• [What is being asked] The listing below should be printed again word for word, without any images.

• [Information provided]

────────────────────────────────────────

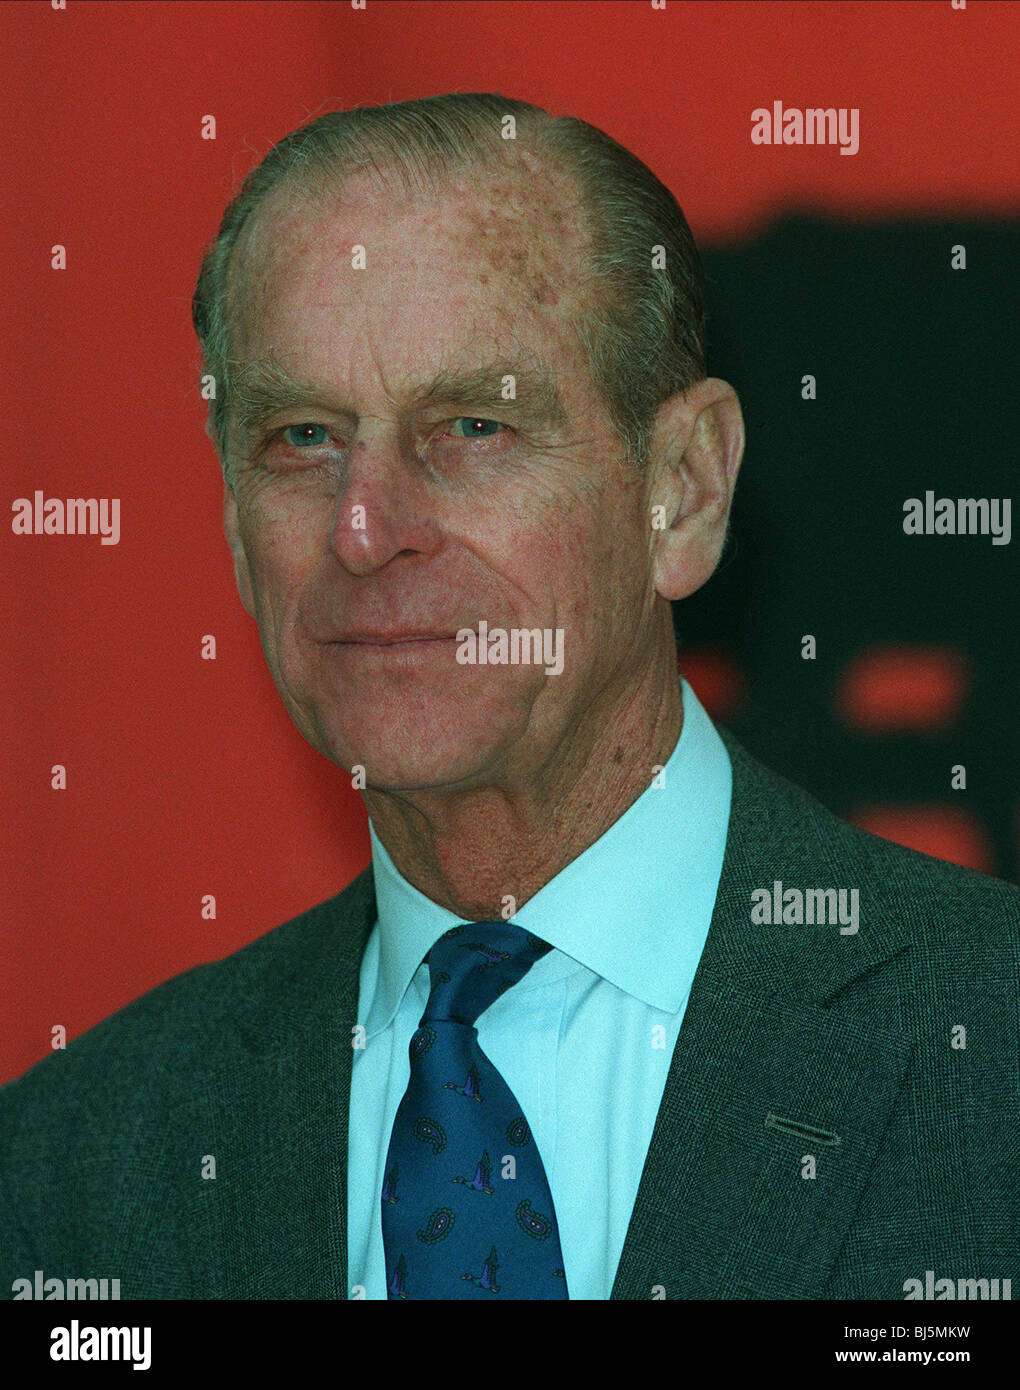 El príncipe Felipe, Duque de Edimburgo el 23 de febrero de 1995 Foto de stock
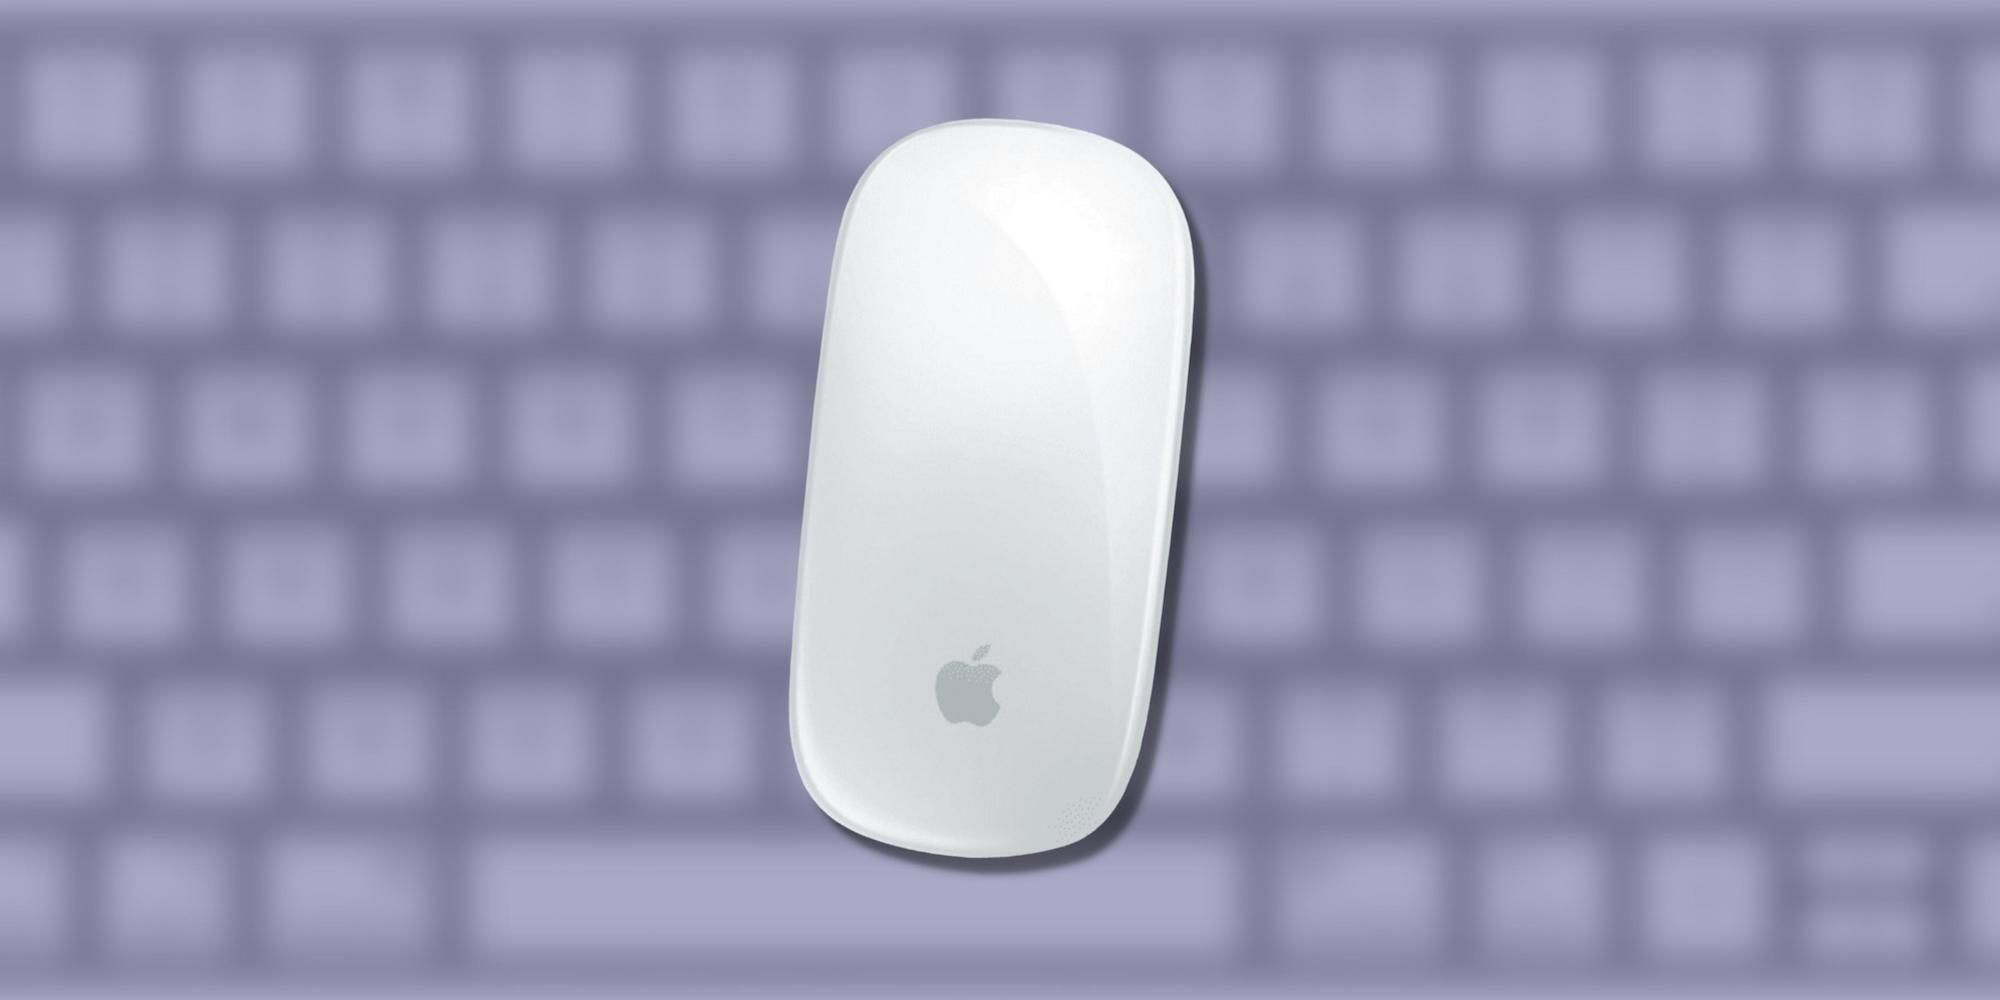 Apple está trabajando en un mouse con llave extraíble, así es como podría funcionar
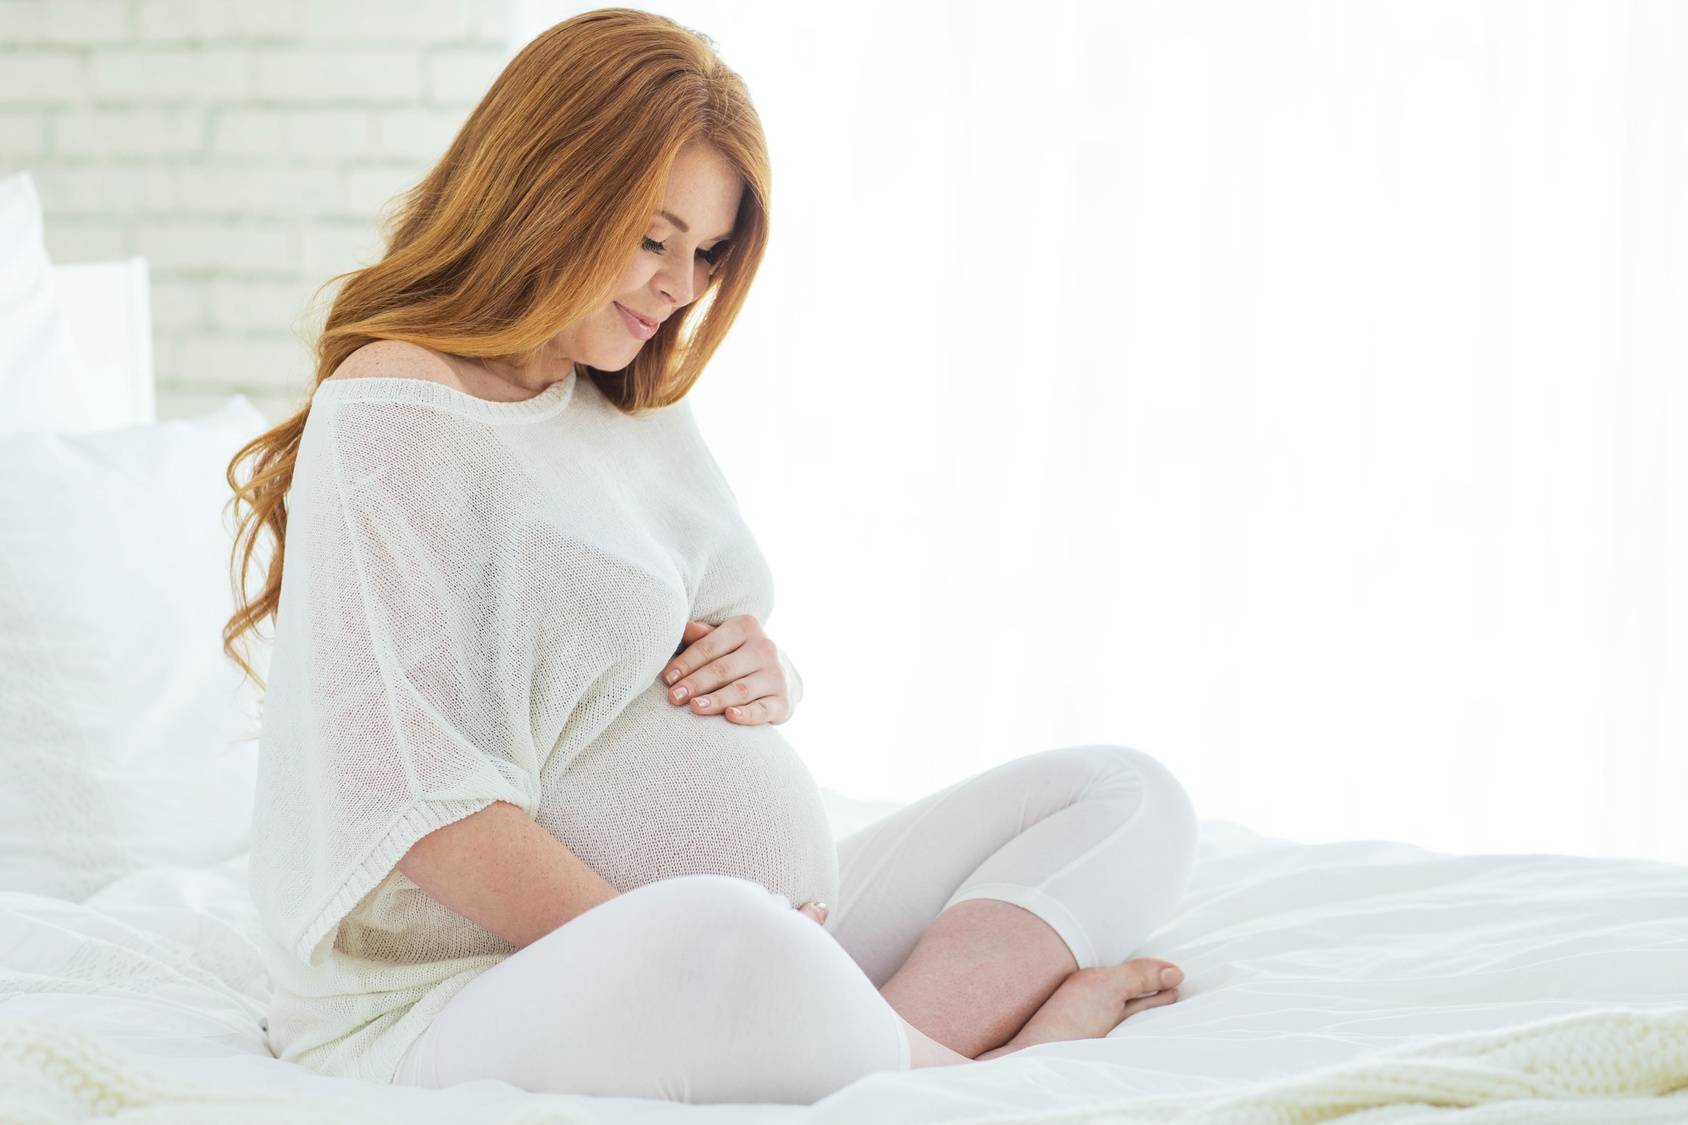 Ciąża po 40-tce - jak się dobrze przygotować do późnego macierzyństwa i jak pomóc sobie zajść w późną ciążę? Rudowłosa kobieta w zaawansowanej ciąży w białym luźnym ubraniu siedzi na łóżku na białej pościeli.
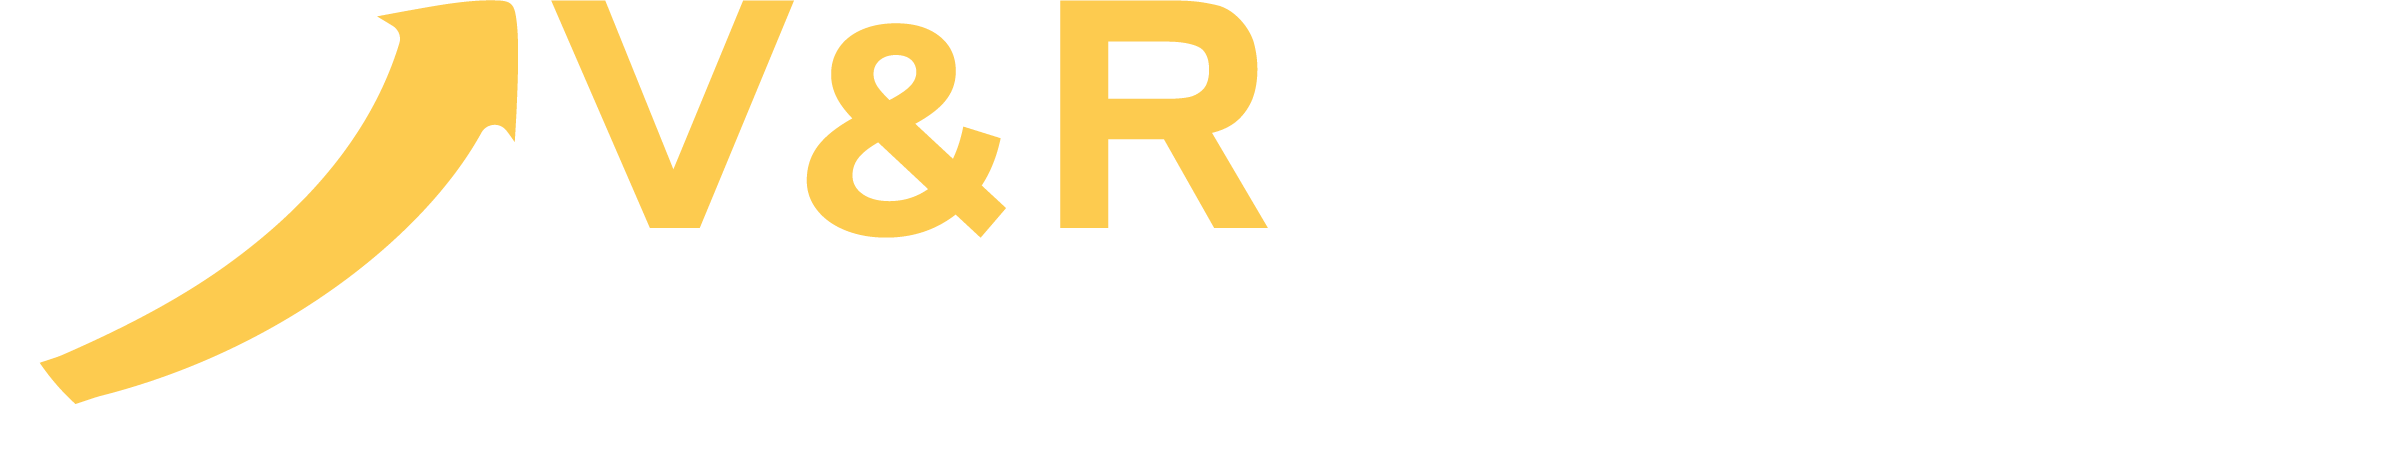 V&R Global Services

────────────────────────────────────────

• [Solution for this task]
 El príncipe Felipe, Duque de Edimburgo el 23 de febrero de 1995 Foto de stock
 Apple está trabajando en un mouse con llave extraíble, así es como podría funcionar
 Ciąża po 40-tce - jak się dobrze przygotować do późnego macierzyństwa i jak pomóc sobie zajść w późną ciążę? Rudowłosa kobieta w zaawansowanej ciąży w białym luźnym ubraniu siedzi na łóżku na białej pościeli.
 V&R Global Services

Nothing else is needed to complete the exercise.